DirecTV's updates do not take "all day."


----------



## Xsabresx (Oct 8, 2007)

I still tend to be of the belief they werent "updating" anything. Their systems were down. Having worked in call centers in varying management capacity that is exactly the line we used when something went down ("Currently updating systems")


----------



## Shades228 (Mar 18, 2008)

Believe what you want but if this was a system update or downtime issue then tech's would have popped in letting you know they couldn't activate equipment either and other people would have stated they couldn't change things.

The same reason that the DVR portion didn't work after it was activated was due to the type of receiver. Back in the day there used to be 2 items on a bill that would show DVR and TiVo service. I had that issue a few years ago activating an old TiVo. So it sounds like the agent had to remove all of the other non TiVo's to have that service get authorized. Which was probably the whole reason for the initial error that made them escalate the issue to begin with.


----------



## Jodean (Jul 17, 2010)

dubber deux said:


> *WHY SHOULD ANY CUSTOMER IN GOOD STANDING HAVE TO PLAY CSR ROULETTE WHEN THEY ARE PAYING GOOD MONEY FOR THEIR SERVICES...THAT IS LUDICROUS!*
> 
> BTW called twice. First time I was disconnected after being put on hold for three minutes or so, by accident I'm sure.


Sh:t, as an installer i have to play csr roulette as well, its now just reality for me....

Ill get a csr that wont activate a 5th receiver because the original work order was setup as 4. Do you know how many times when i get to the job they want an extra receiver? Normally it was only an issue with anything over 4 boxes, now its all accounts for ANY additional receivers....PITA!!!!

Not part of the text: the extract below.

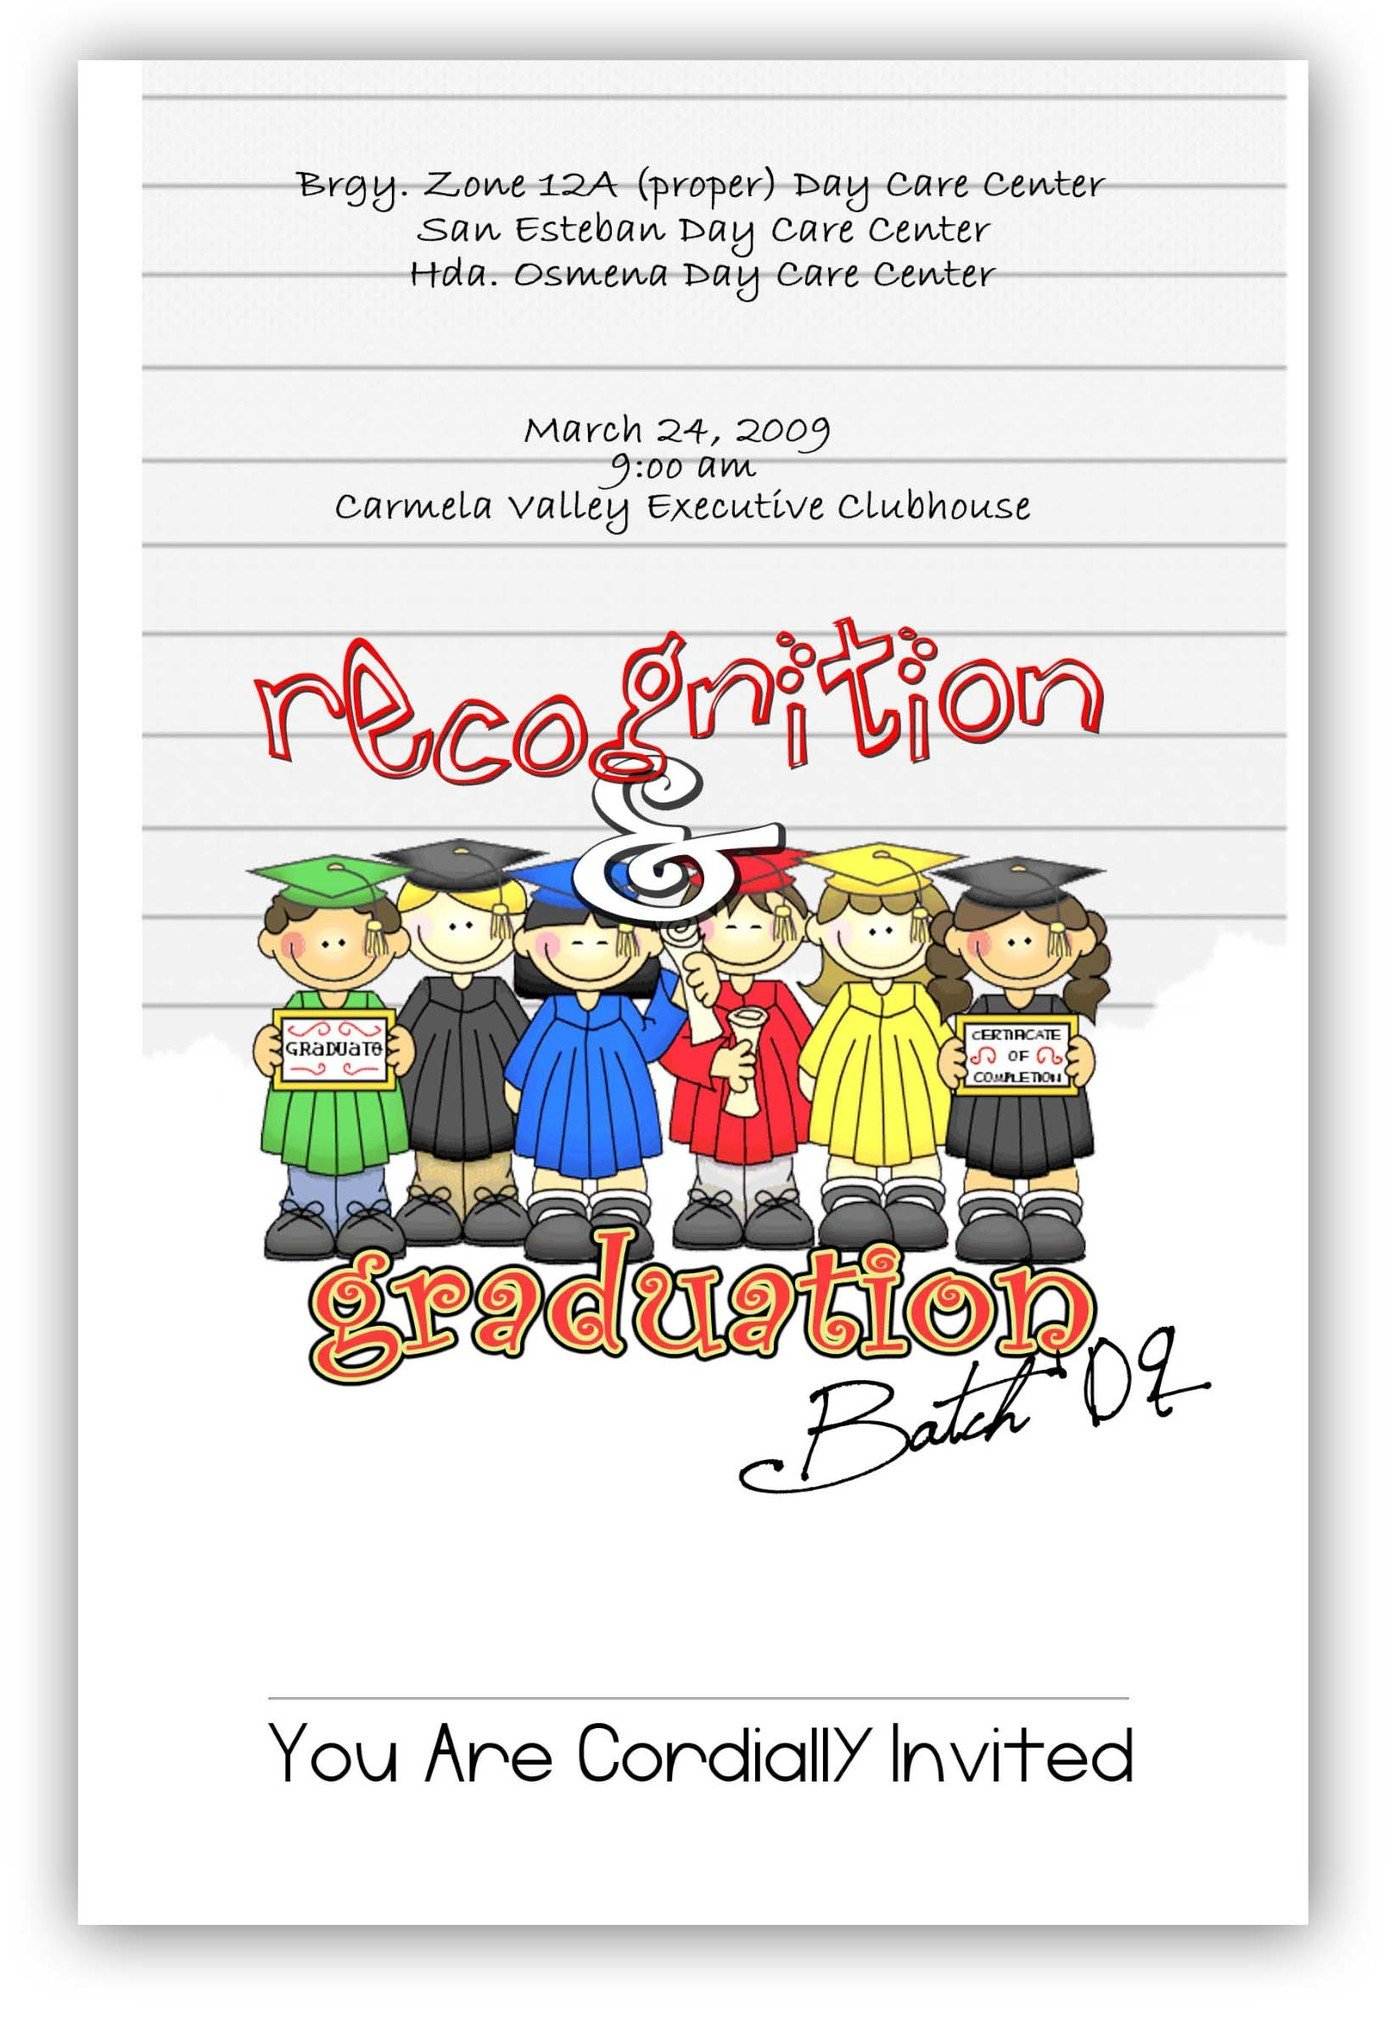 print designs by revo tribaco at coroflot com

Why they do this i have no idea, I personally have to collect the money for the 5th box an am responsible for taking that money to my dealer, NOT directv.

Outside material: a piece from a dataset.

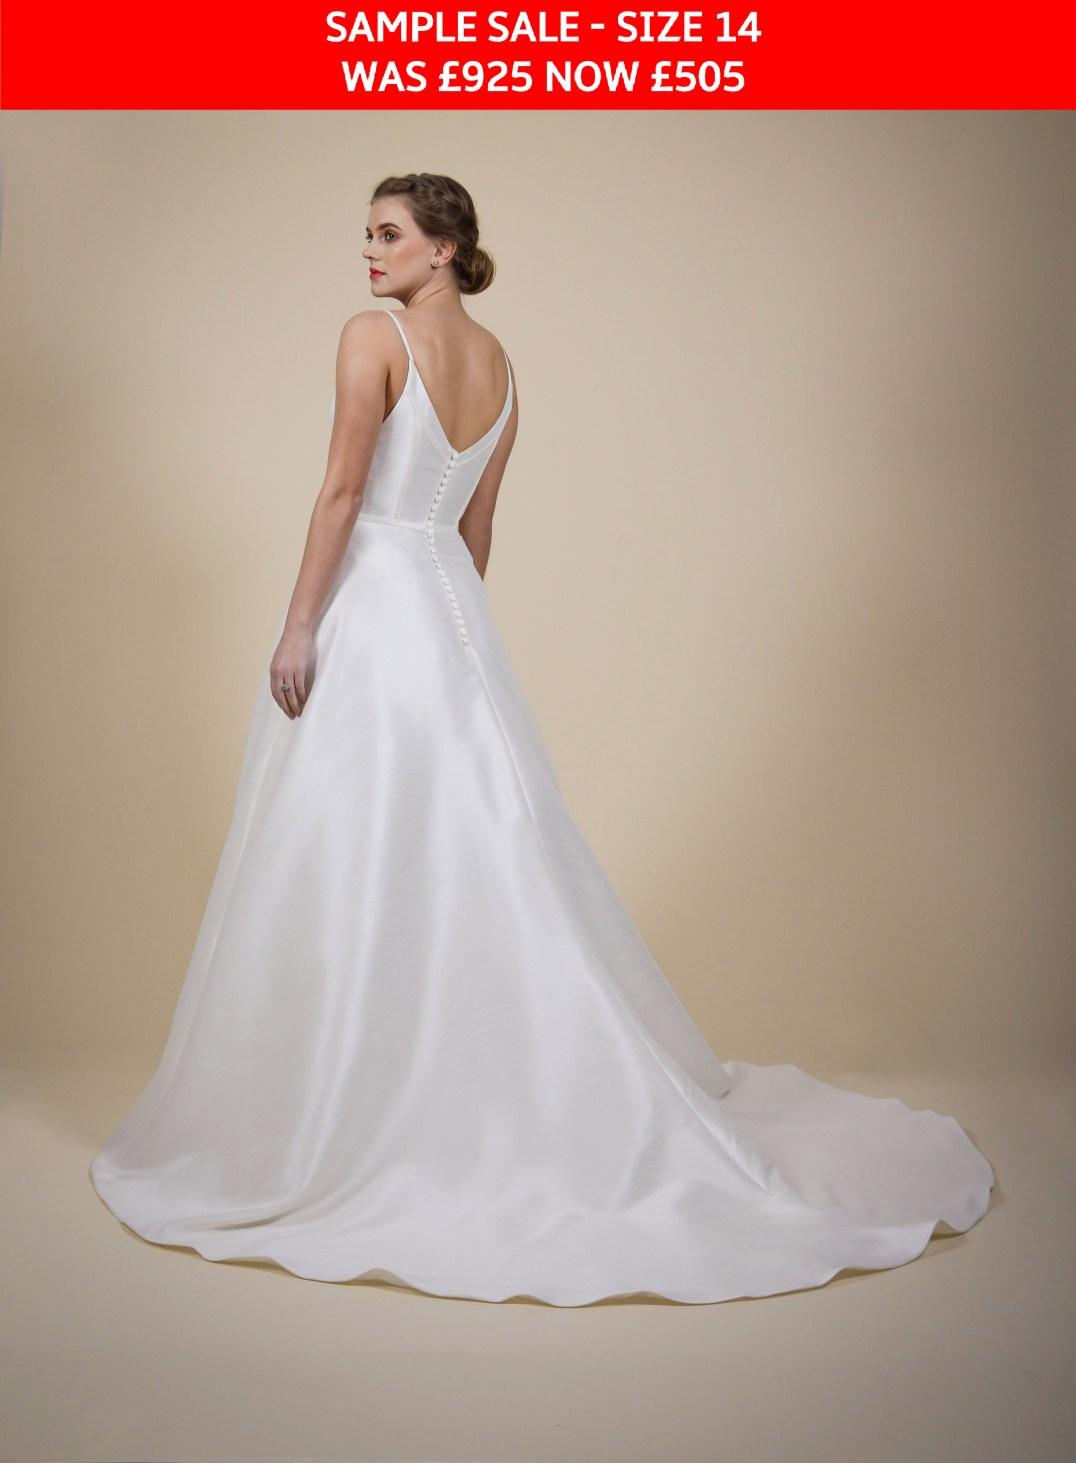 GAIA Tania wedding gown sample sale

The csr tells me i have to have my dealer do a new work order....ya ok since we are a new account only dealer we dont HAVE work orders!!! "well im sorry i cant do anything for you" Hmm well why in the hell can i do this any other time and have been doing it in the past?? "well we changed our policy and cant do it" Well how come yesterday i could on all 3 jobs i was at? "well i cant do anything about it without a work order" Yes you CAN, push the damn button and activate the receiver before my customer gets PO'd "Well ive worked here for 8 years and im telling you there is nothing i can do" Well thats BS as the job before this one i just added a receiver to it "Well ive have never had that situation happen and ive worked here longer than you have" CLICK

call to resend authorization over directv automated system, "is the receiver working now?" NO ---- (phone call transfers person picks up immediately) Ya this is Joe im an installer i need to activate a 5th box the original WO states 4, "yes sir, whats the RID #?" thank you have a nice day!!!


----------



## RobertE (Jun 10, 2006)

Follow the proper procedure that has been in place for well over a year and call the Order Modification Group BEFORE activating or closeing any line items.


----------



## Jodean (Jul 17, 2010)

RobertE said:


> Follow the proper procedure that has been in place for well over a year and call the Order Modification Group BEFORE activating or closeing any line items.

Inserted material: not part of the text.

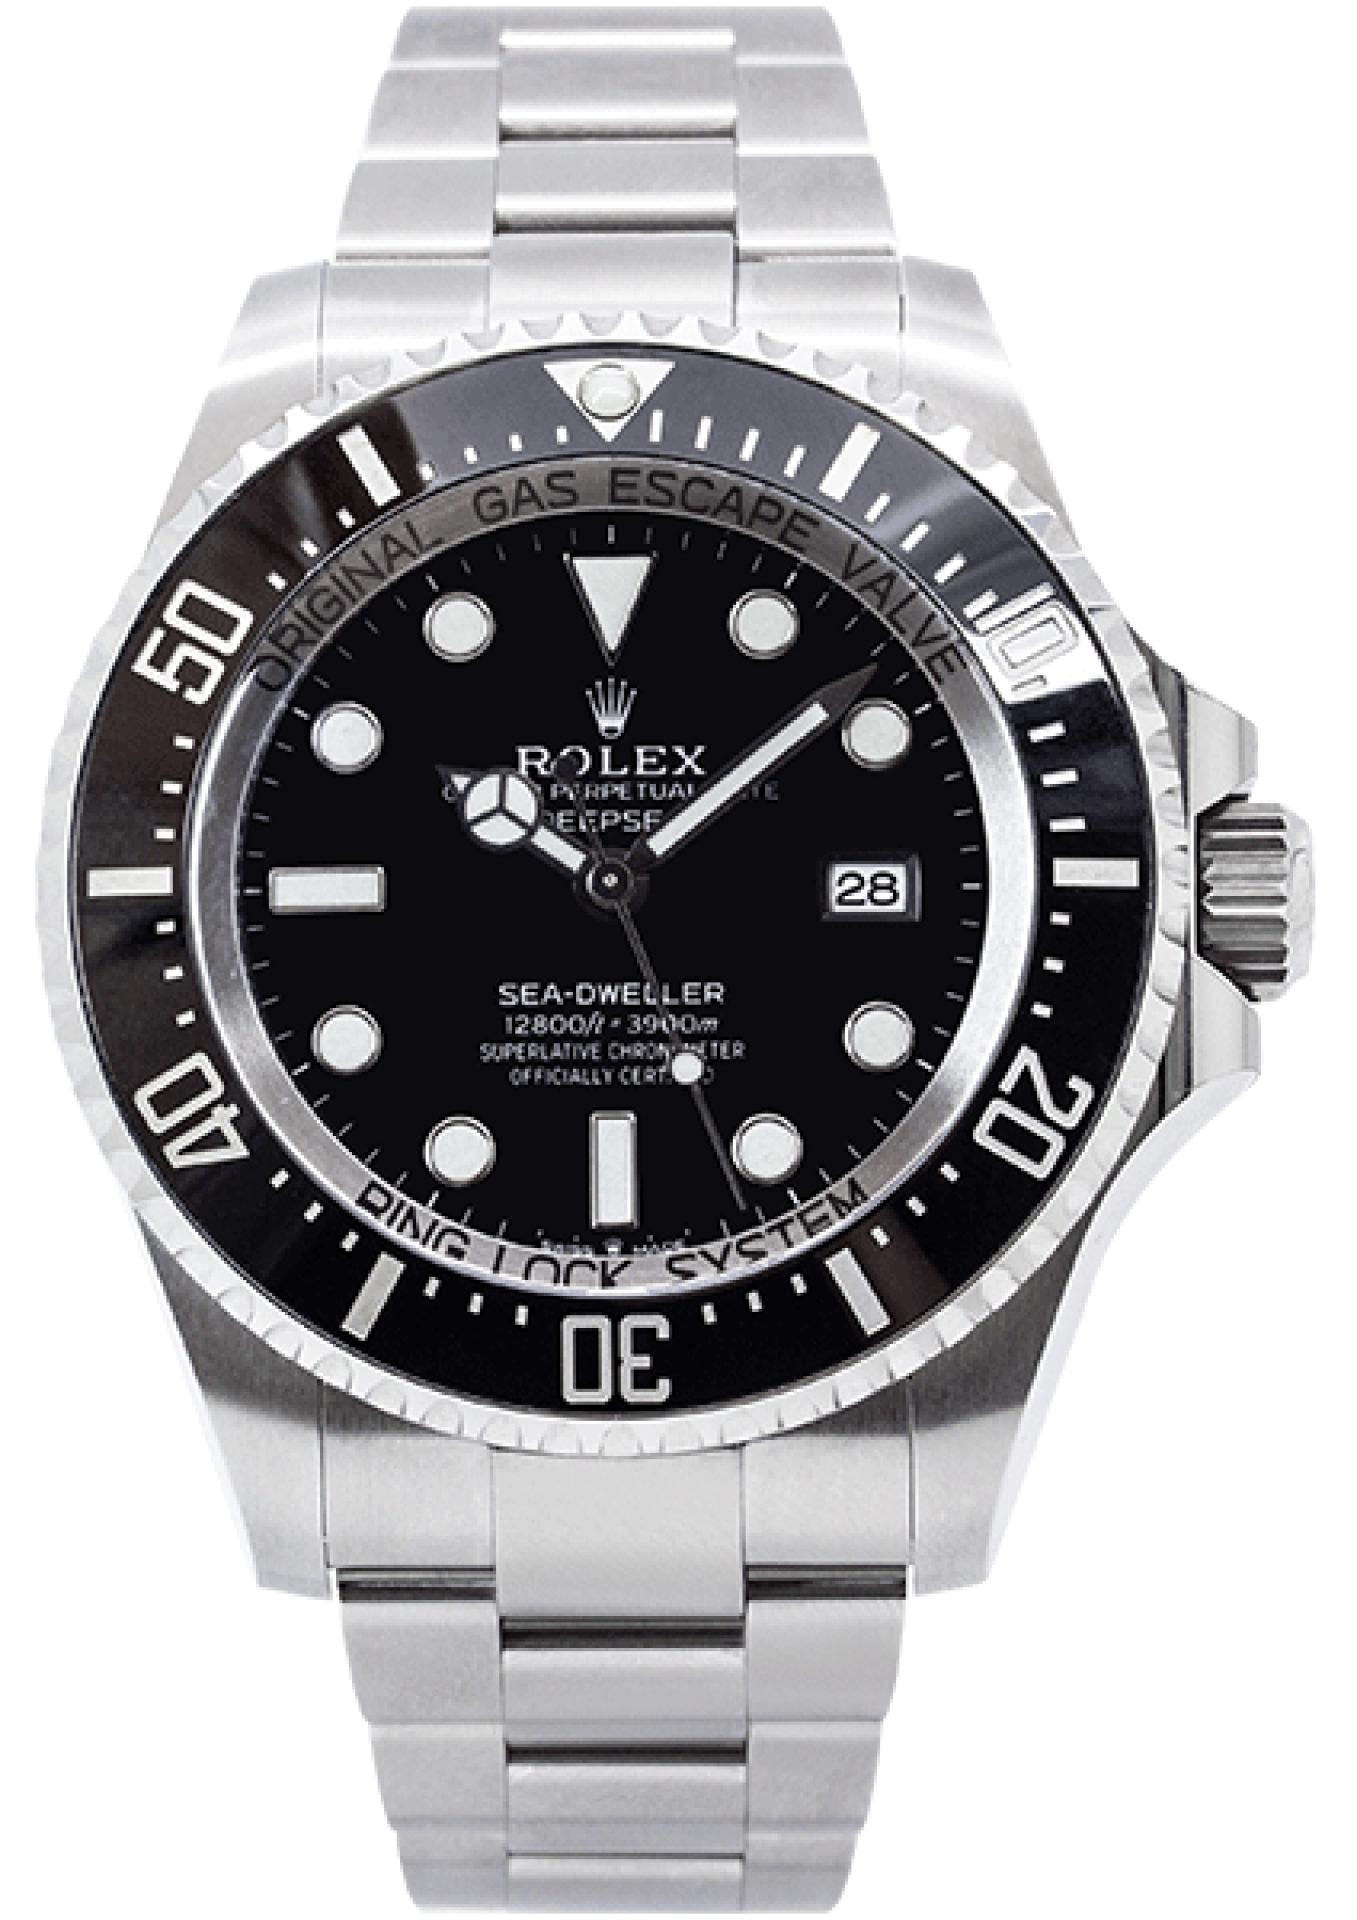 Rolex Oyster Perpetual Sea-Dweller Deepsea 126660

that takes about an hour, and the csr usually screws up the order or package during that time......

have done this once or twice already......

meanwhile this is on MY phone!


----------



## TBoneit (Jul 27, 2006)

Xsabresx said:


> I still tend to be of the belief they werent "updating" anything. Their systems were down. Having worked in call centers in varying management capacity that is exactly the line we used when something went down ("Currently updating systems")


Truth was being told.

They were updating system status from broken to working again.


----------



## RobertE (Jun 10, 2006)

Jodean said:


> that takes about an hour, and the csr usually screws up the order or package during that time......
> 
> have done this once or twice already......
> 
> meanwhile this is on MY phone!


If it's taking more than 5-10 minutes, then you are doing something wrong, or the customers credit sucks, or they were lied to horribly as to what they were getting during the initial sale.


----------



## inf0z (Oct 16, 2011)

Jodean said:


> Sh:t, as an installer i have to play csr roulette as well, its now just reality for me....
> 
> Ill get a csr that wont activate a 5th receiver because the original work order was setup as 4. Do you know how many times when i get to the job they want an extra receiver? Normally it was only an issue with anything over 4 boxes, now its all accounts for ANY additional receivers....PITA!!!!
> 
> ...


There is a specific reason why the CSR's are telling you that you need to call OMG and add this receiver to your work order. I won't go in to detail why that is, but it's policy to do so for the customers protection.


----------



## dubber deux (Mar 8, 2009)

@Jodean:

Your experience with tech CSRs are astonishing to say the least. 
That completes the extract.